Nearly 2/3 of the panel fears spreads to bonds will be higher 12M out, a record high level of doubt in convergence. Forecasts lapped tipped towards 12M divergence at all back in H1 2016 and, prior to that, at points leading to January 2008. The net 3M forecast for spreads has also tipped to divergence for the second month running.
The strongest element of the picture remains the view to client flows: for the third month running over half the panel forecasts net inflows moving forward and for two months, naysayers have dwindled to a mere handful.

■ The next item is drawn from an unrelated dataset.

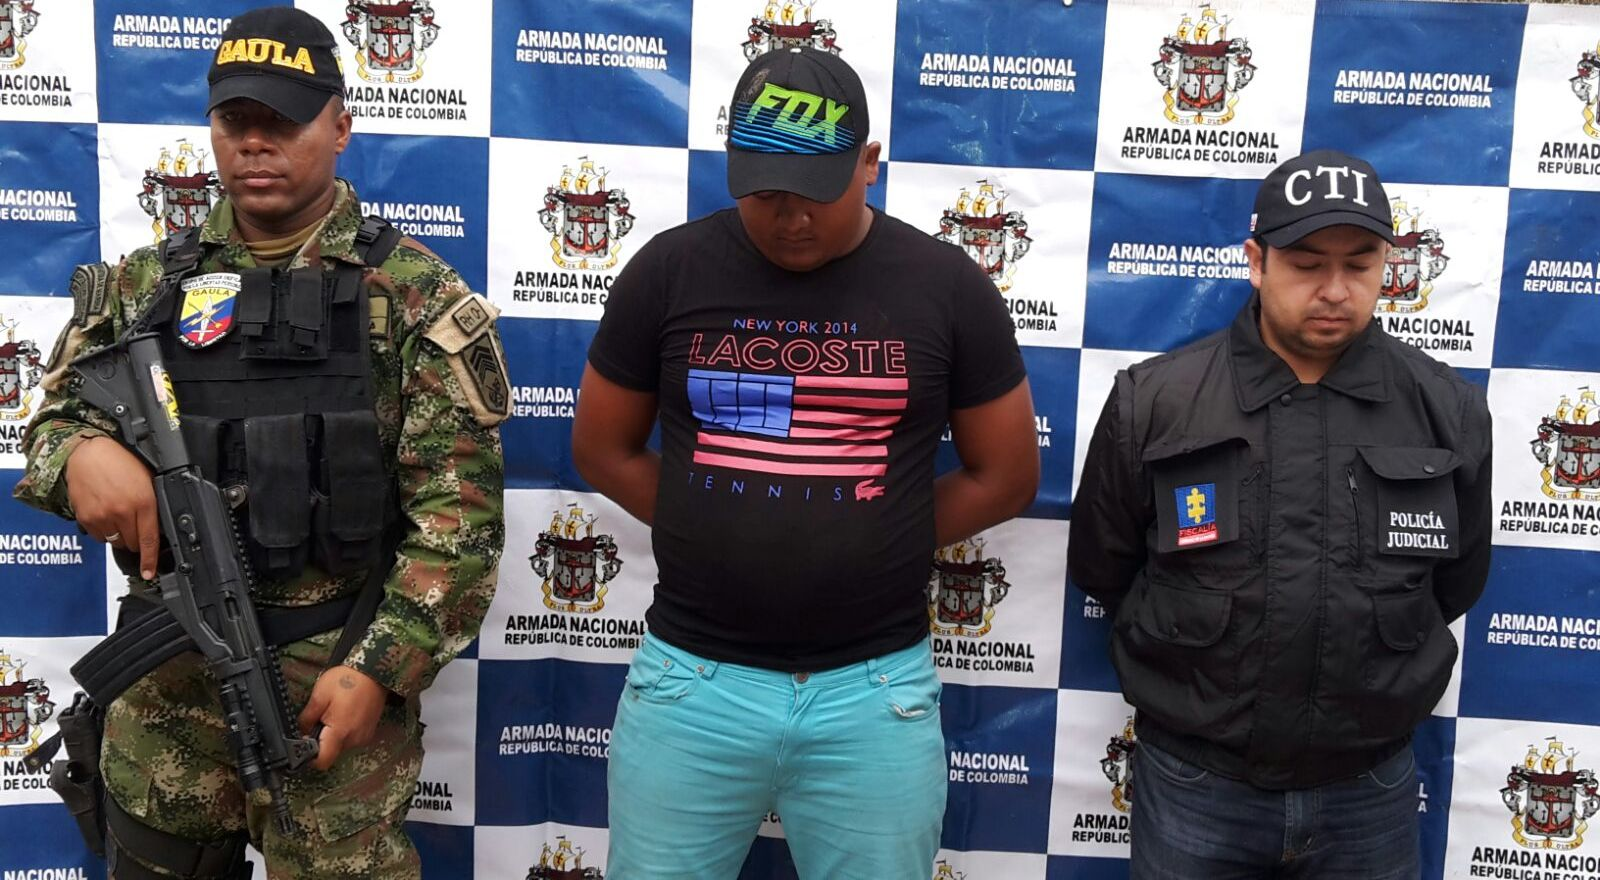 Armada Nacional capturó a dos presuntos miembros de redes de apoyo de las Farc
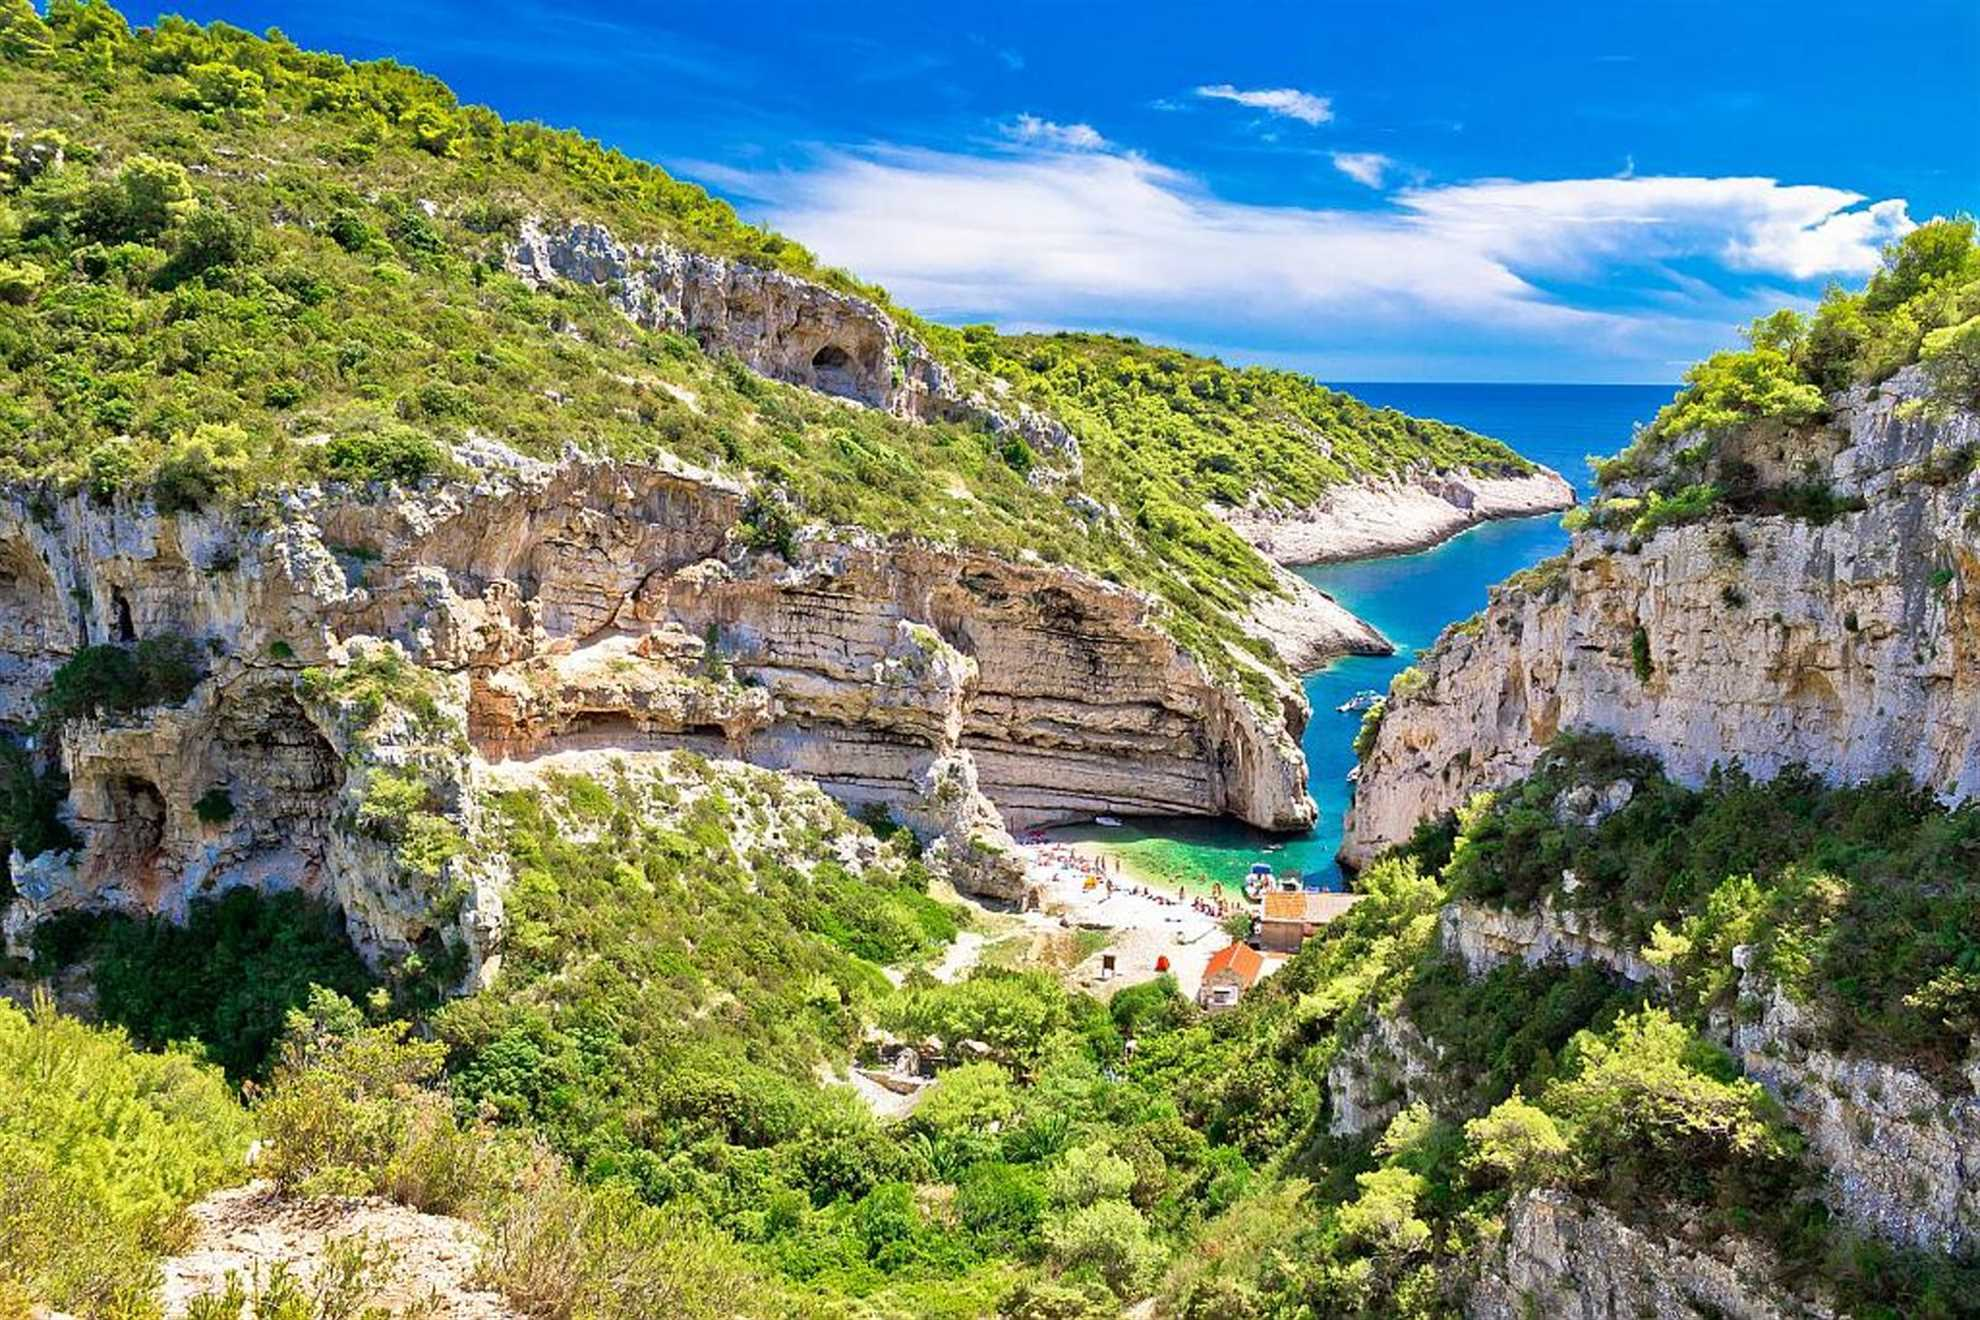 Mala Stiniva Bay, Vis, Croatia

Elsewhere, signals from the sentiment and positioning study point to stability amid a stable market: declared durations didn't move much, nor did yield or macro forecasts.
The panel remains shorter than benchmark on duration, but for September and October has come out of the deeper short-end herding seen for the July and August surveys. Month to month, declarations moved lightly towards shorter duration, but not significantly given the size of the panel.
Likewise no major changes in macro forecasts: inflation won't hit the 2.5% target within the next 18 months but the MPC will enact its first hike somewhere between the 12M and 18M point down the road, even amid a slowdown, still seen putting GDP growth to 3.0% in 2020.
Risks are purely foreign. Asked what is most likely to keep them up at night, panelists pointed to core market monetary policy and core market long yields. The dollar is no longer a threat. Nor is anything domestic in nature.
The survey was conducted from September 27 through October 3 on a panel of 14 local fund management houses on a one-vote-per-management-house basis.